# Building a RAG Agent with CrewAI

We will build a RAG agent with `CrewAI`by integrating `RagTool` from `crewai_tools` with a `CrewAI` agent. `RagTool` provides a way to create and query knowledge bases from various data sources, and allows the agent to access specialized context. We will provide the RAG tool a pdf file containing details about insurance coverage provided by a private health insurer. We will build an insurer agent specialized in answering queries related to health benefits. At the end, we will wrap this agent in an ACP server and make it interact with other ACP agents.

## 3.1. Import Libraries

In [2]:
# Need an agent to do the task
# Bring up some dependencies
from crewai import Crew, Task, Agent, LLM
from crewai_tools import RagTool

In [3]:
# filter unnecessary warnings
import warnings
warnings.filterwarnings('ignore')

## 3.2. Define the Agent's Large Language Model

We'll now define the large language model that will be used for our CrewAI agent. `max_tokens`: maximum number of tokens the model can generate in a single response.

**Note**: If we will define this model locally, it requires that we define the API key in a **.env** file as follows:
```
# Required
OPENAI_API_KEY=sk-...

# Optional
OPENAI_API_BASE=<custom-base-url>
OPENAI_ORGANIZATION=<your-org-id>
```

In [4]:
# we can use any model that we want to use aside of openai gpt-4
llm = LLM(model="openai/gpt-4", max_tokens=1024)

## 3.3. Define the RAG Tool

For the RAG tool, we can define the model provider and the embedding model in a configuration Python dictionary.

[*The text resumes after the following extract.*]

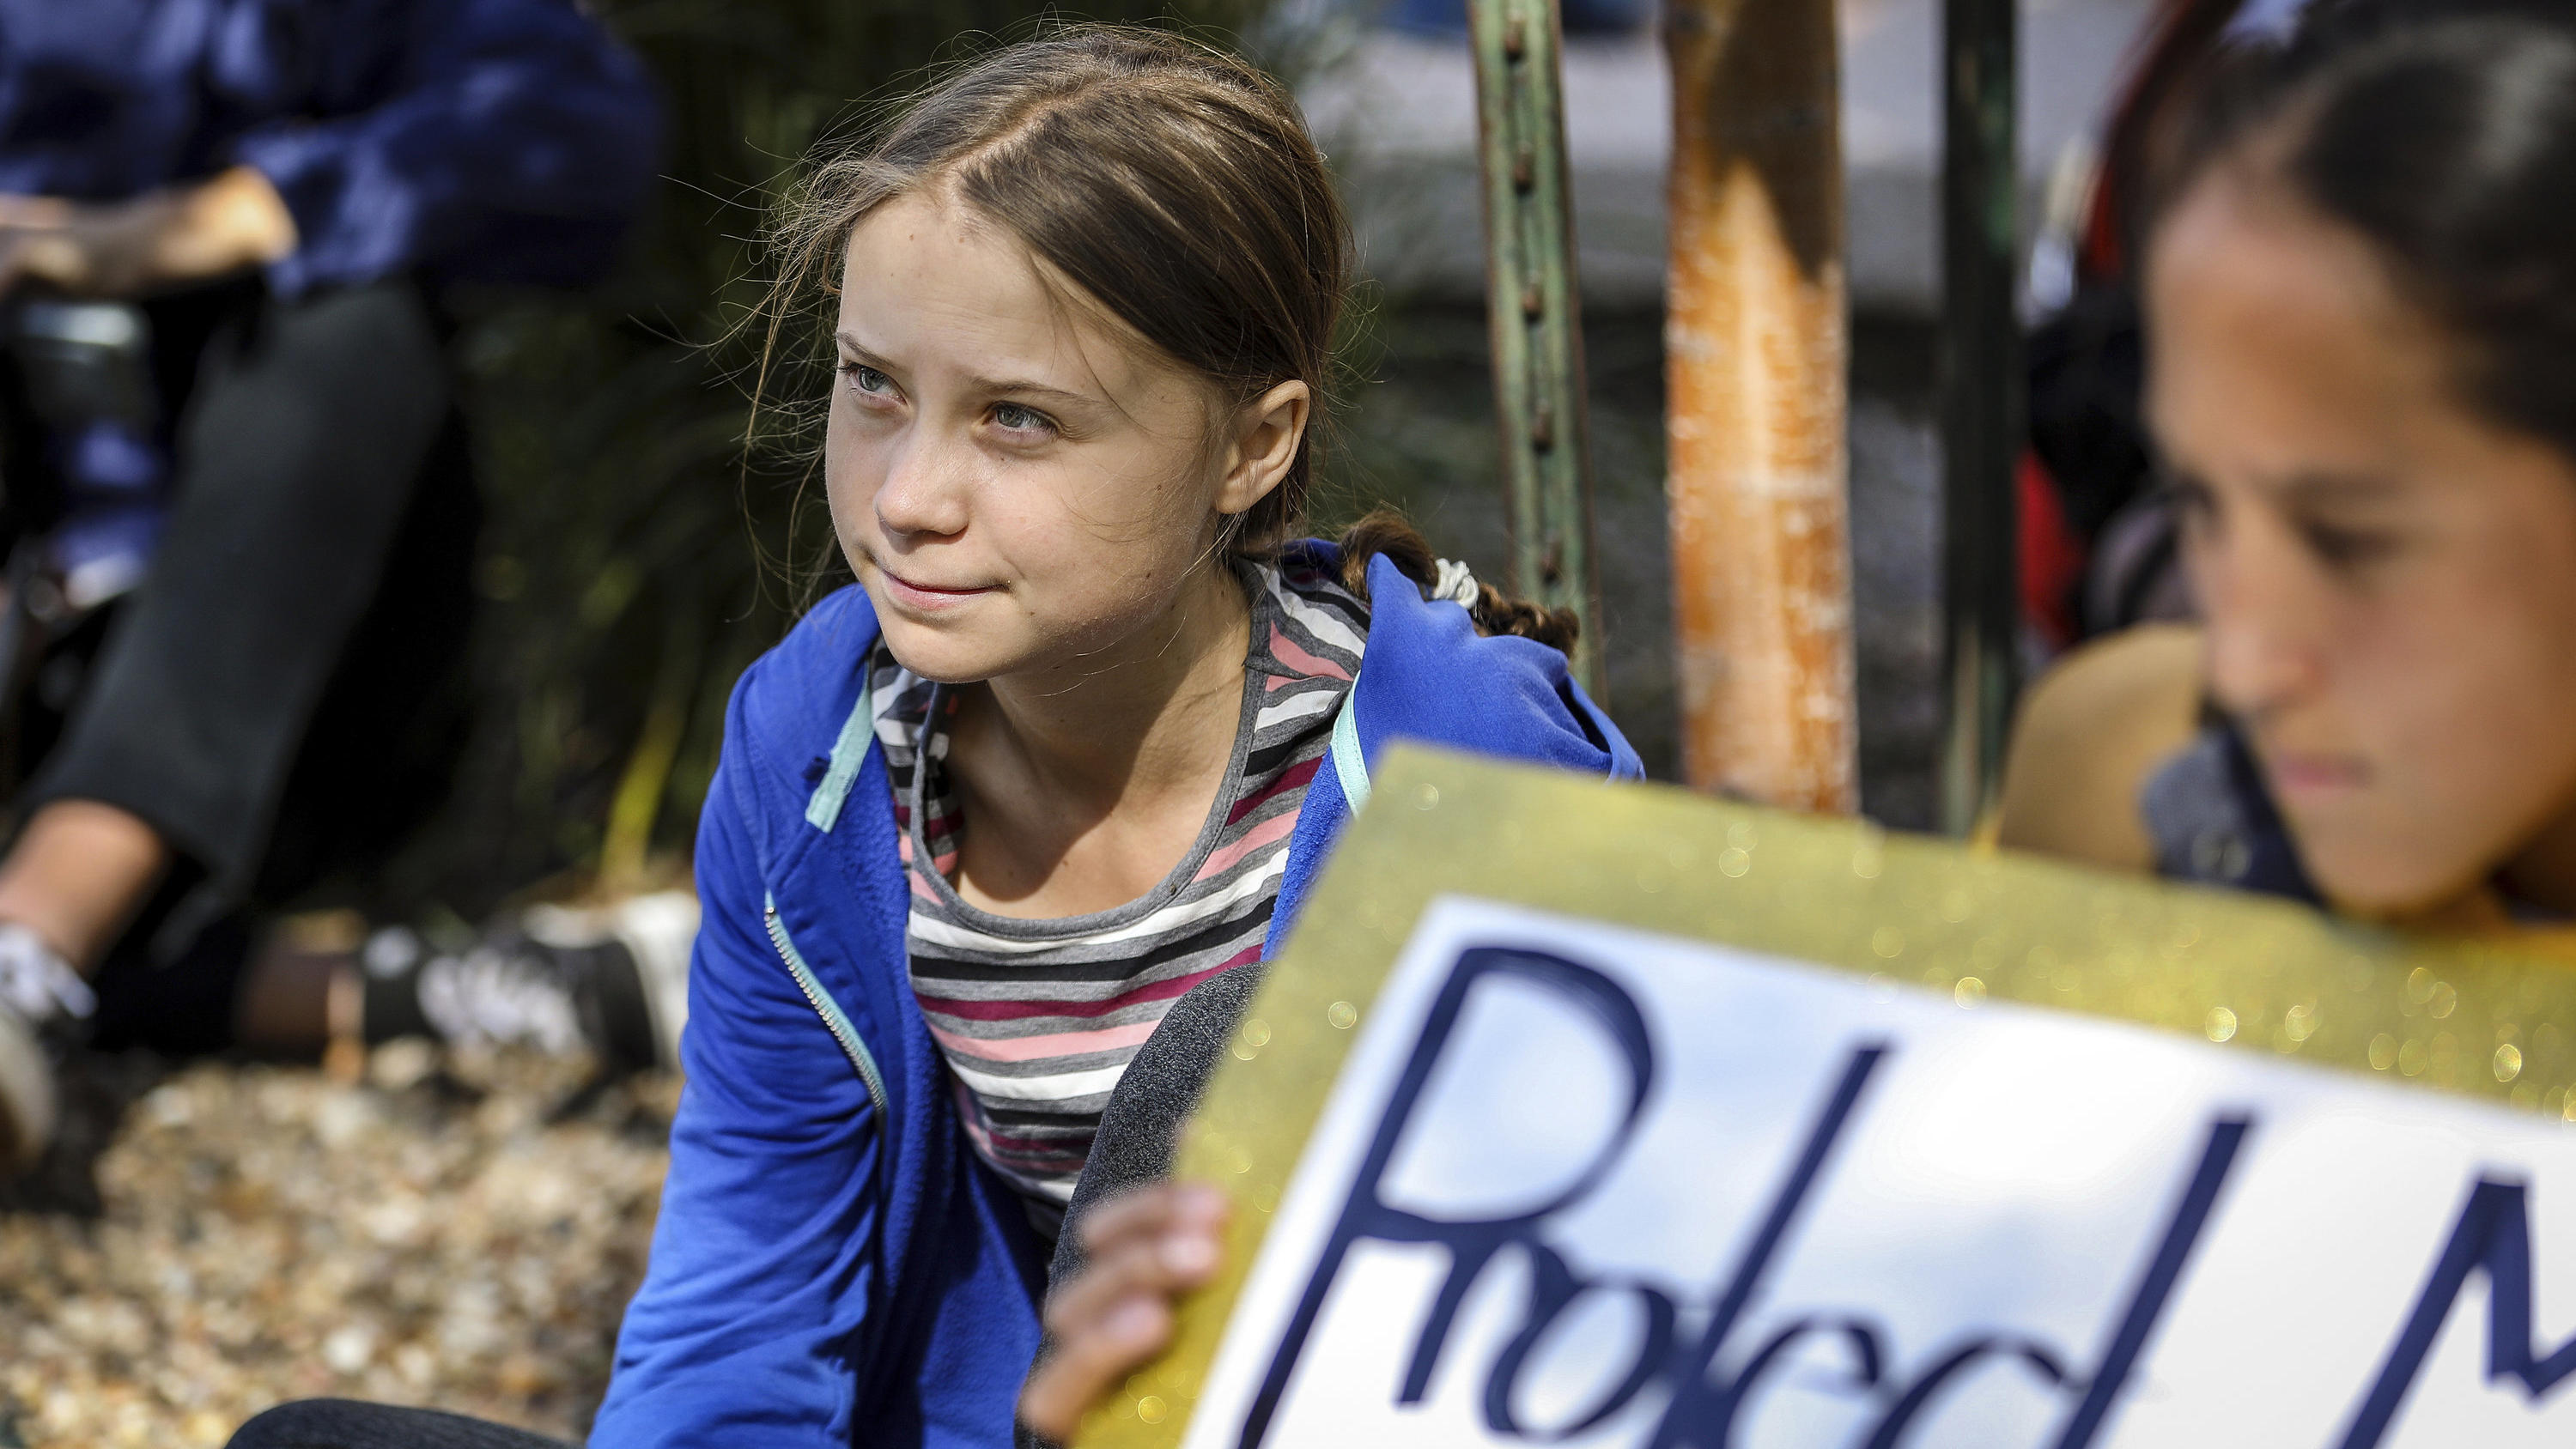 07.10.2019, USA, Rapid City: Greta Thunberg, Klimaaktivistin und Schülerin aus Schweden, sitzt mit Teilnehmern am Rande einer Demonstration. Foto: Adam Fondren/Rapid City Journal/AP/dpa +++ dpa-Bildfunk +++

We can also define the details of your vector database. If we don't specify the vector database, the RagTool will use Chroma (ChromaDB) as the default vector database in local/in-memory mode.

In [5]:
config = {
    "llm": {
        "provider": "openai",
        "config": {
            "model": "gpt-4",
        }
    },
    "embedding_model": {
        "provider": "openai",
        "config": {
            "model": "text-embedding-ada-002"
        }
    }
}

We can then pass the `config` to the `RagTool`, and then specify the data source for which the knowledge base will be constructed. When embedding our data, the `RagTool` chunks our document into chunks and creates an embedding vector for each chunk. We can specify the chunk size (`chunk_size`: number of characters) and how many characters overlap between consecutive chunks (`chunk_overlap`). We can also use the default behavior.

In [6]:
rag_tool = RagTool(config=config,  
                   chunk_size=1200,       
                   chunk_overlap=200, # make sure we're not cutting off channel incorrectly    
                  )
# we can change the source of document to be added in rag tool
rag_tool.add("../data/gold-hospital-and-premium-extras.pdf", data_type="pdf_file")

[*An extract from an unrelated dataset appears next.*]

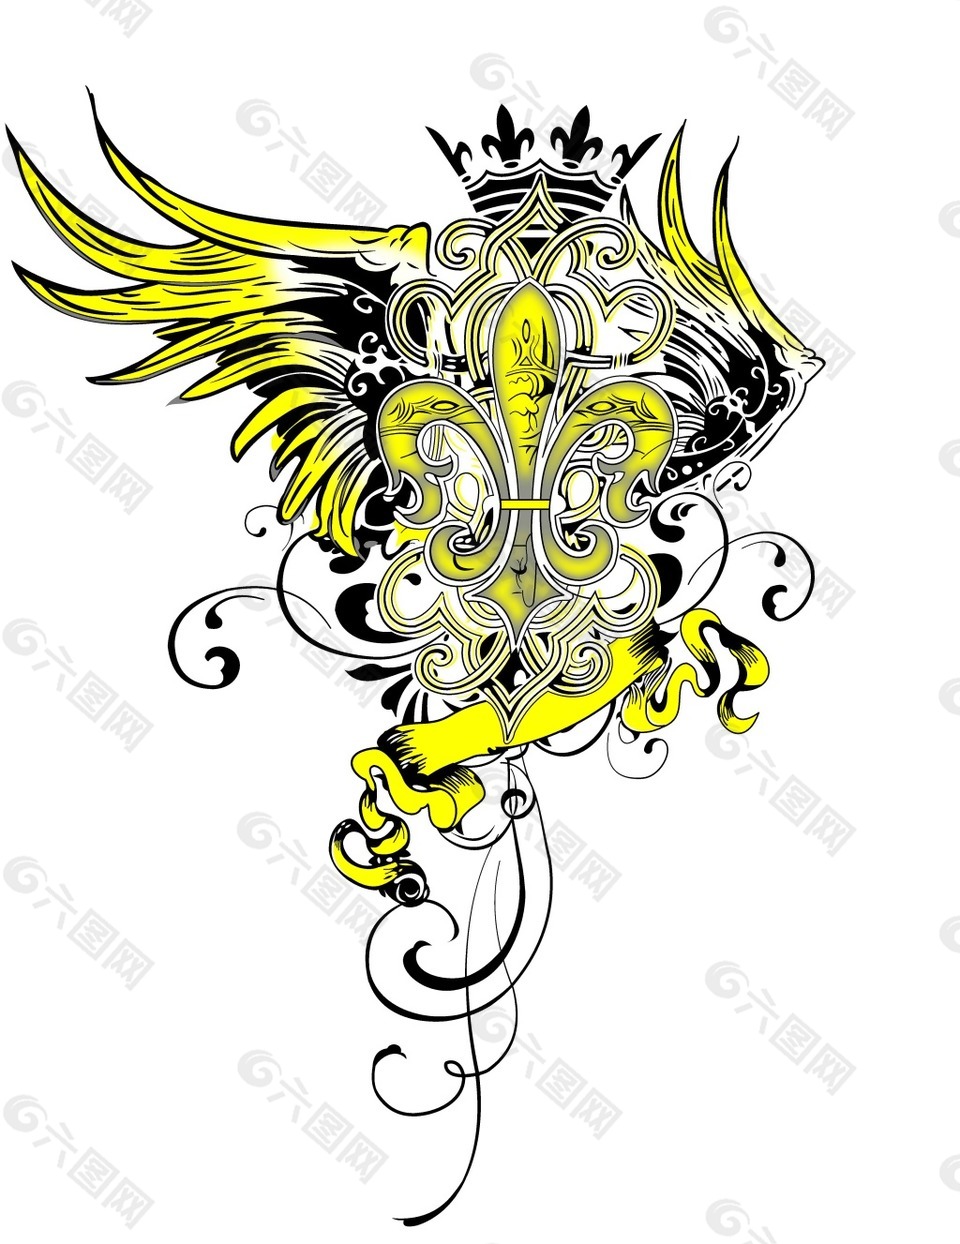 皇冠与鹰装饰素材

Inserting batches in chromadb: 100%|██████████| 1/1 [00:00<00:00, 12.92it/s]


In [7]:
# This our rag tools to define the agent
rag_tool

RagTool(name='Knowledge base', description="Tool Name: Knowledge base\nTool Arguments: {'query': {'description': None, 'type': 'str'}}\nTool Description: A knowledge base that can be used to answer questions.", args_schema=<class 'abc.RagToolSchema'>, description_updated=False, cache_function=<function BaseTool.<lambda> at 0x7f61f8736de0>, result_as_answer=False, summarize=False, adapter=EmbedchainAdapter(embedchain_app=<embedchain.app.App object at 0x7f61e78cf050>, summarize=False), config={'llm': {'provider': 'openai', 'config': {'model': 'gpt-4'}}, 'embedding_model': {'provider': 'openai', 'config': {'model': 'text-embedding-ada-002'}}})

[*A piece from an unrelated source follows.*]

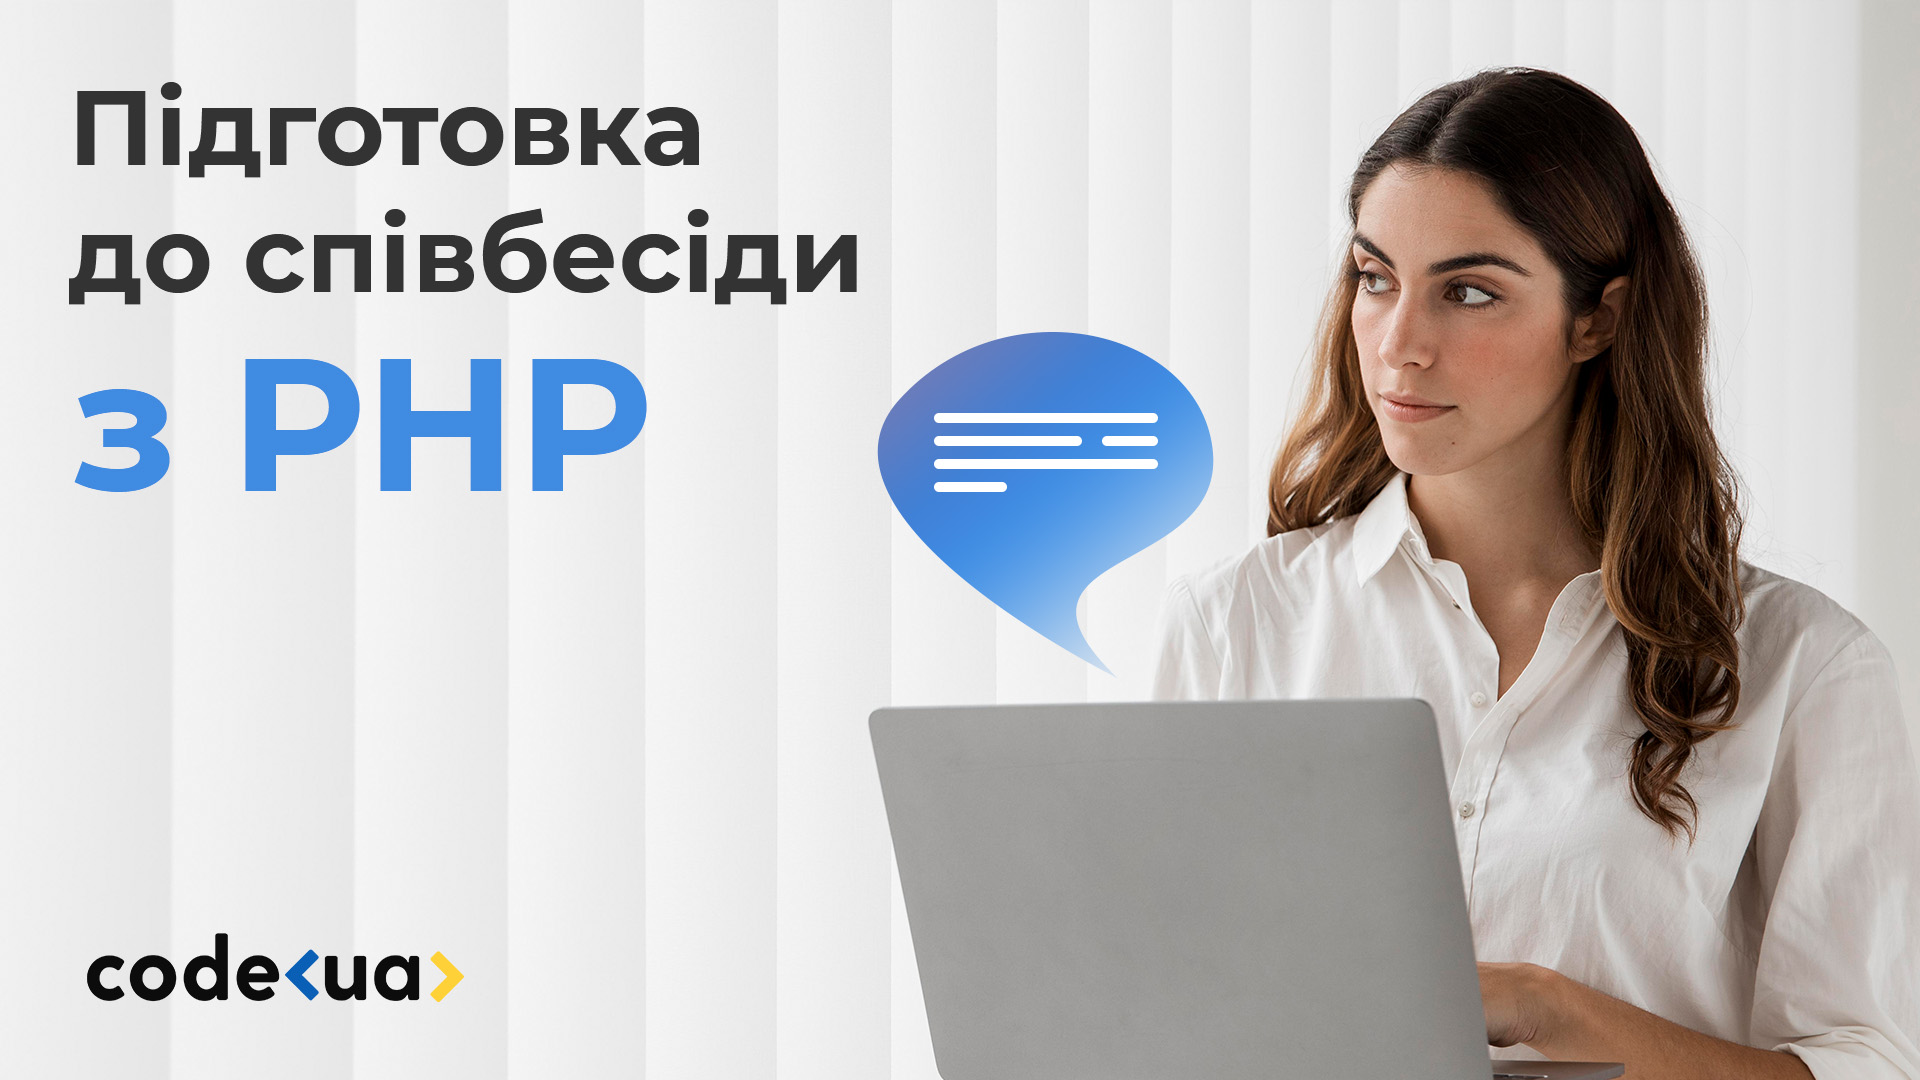  Підготовка до співбесіди з PHP — запитання та відповіді

## 3.4. Define the Insurance Agent

Now, we have the `rag_tool` defined to define the CrewAI agent that can assist with insurance coverage queries.

In [8]:
# we can change the role
insurance_agent = Agent(
    role="Senior Insurance Coverage Assistant", 
    goal="Determine whether something is covered or not",
    backstory="You are an expert insurance agent designed to assist with coverage queries",
    verbose=True, # it means as agent is running, we can see the progress (like ChatGPT is thinking....)
    allow_delegation=False, # we're not going to be passing off the task to other agents
    llm=llm,
    tools=[rag_tool], # pass our rag tool
    max_retry_limit=5 # give the time for the agent to find the answer for 5 times, if not it will be error
)

## 3.5. Define the Agent Task

Let's now test the insurance agent. For that, we need to define the agent task and pass to it the query and the agent.

In [9]:
# we can change the description
task1 = Task(
        description='What is the waiting period for rehabilitation?',
        expected_output = "A comprehensive response as to the users question",
        agent=insurance_agent
)

## 3.6. Run the Insurance Agent

To run the agent, we need to pass the agent and the task to a Crew object that you can run using the `kickoff` method.

In [10]:
crew = Crew(agents=[insurance_agent], tasks=[task1], verbose=True)
task_output = crew.kickoff() # it same like when we hit enter in ChatGPT
print(task_output)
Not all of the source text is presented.